I would not be saddened to see the stock markets crash this summer, albeit I do not think this will be occurring.

Genworth Mortgage Insurance Canada

I have recently taken a position in Genworth MI (Mortgage Insurance) Canada (TSX: MIC) at around $18/share. Intuitively, it feels so risky that it will hopefully turn out to be a decent trade. The numbers suggest there is a disconnect between its balance sheet value and its market value. A majority of this difference is likely due to MIC being a proxy for the (mis)fortunes of residential Canadian real estate. The second reason, and in my opinion, the more powerful reason, is because MIC is 57% owned by Genworth Financial (NYSE: GNW), a US firm that has had financial difficulty primarily due to the collapse in the USA real estate market, the softening of the Australian real estate market, and life insurance pricing issues.

Since MIC is a very profitable unit of GNW, it would fetch a handsome price in a liquidation sale and be able to buffer GNW with a considerable amount of liquidity – even at current depressed values, 57% of MIC is a billion dollars, nothing GNW’s market cap is about $2.6 billion.

MIC itself was “forced” public due to the imminent insolvency of GNW, and this was completed on July 2009 just as the fallout of the financial crisis was coming to a close (but not so apparent at that time). MIC’s IPO price was $19/share. The stock has traded as high as $28/share.

I tried reviewing GNW, and did not feel comfortable with the precision of my end-valuation. On paper it looks like a better investment than MIC (especially when considering the embedded value of MIC itself within GNW). MIC’s industry, however, is quite narrow and well defined, which means that the risk side of the equation could be narrowed considerably.
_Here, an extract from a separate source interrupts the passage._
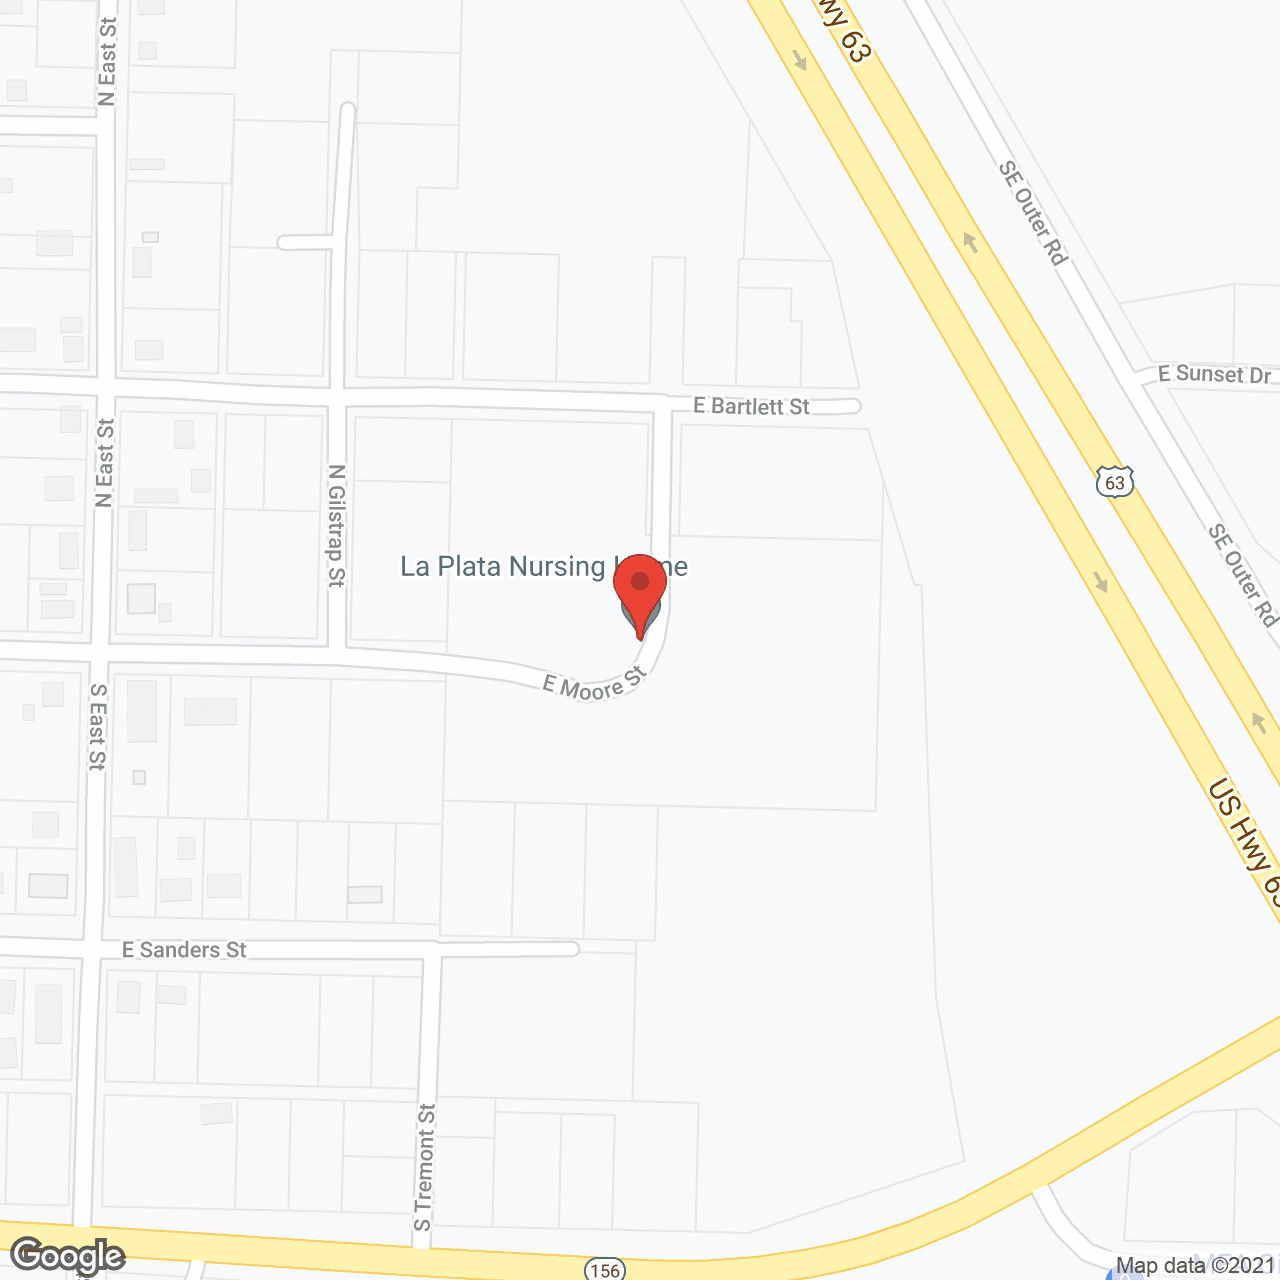 La Plata Nursing Home in google map

I can explain exactly what product they deal with, how it is priced, and how they can make or lose money. In addition, there is a bit more intuition that can be applied with the analysis simply because of its exclusively Canadian-centric business model, and the product it deals in.

MIC is also likely being dumped because of concerns regarding the Canadian residential real estate market. If the markets did perceive risk in real estate valuations, you would at see some REITs trading equivalently. An example proxy for non-single family housing residential real estate would be Canadian Apartment Properties REIT (TSX: CAR.UN) which has shown little signs of a breakdown in their share price. There have been plenty of concerns about the valuation of real estate in Canada, including from yours truly, to the point where it is “common knowledge” that places like Vancouver are woefully overvalued.

Common knowledge (in this case, an imminent compression of real estate prices) means that such knowledge is baked into the market price, if not more. The unexpected surprise is if Canada maintains the level of real estate valuation.

Short interest is around 750,000 shares at the moment, which is not excessively high, but does represent about 8 days worth of volume.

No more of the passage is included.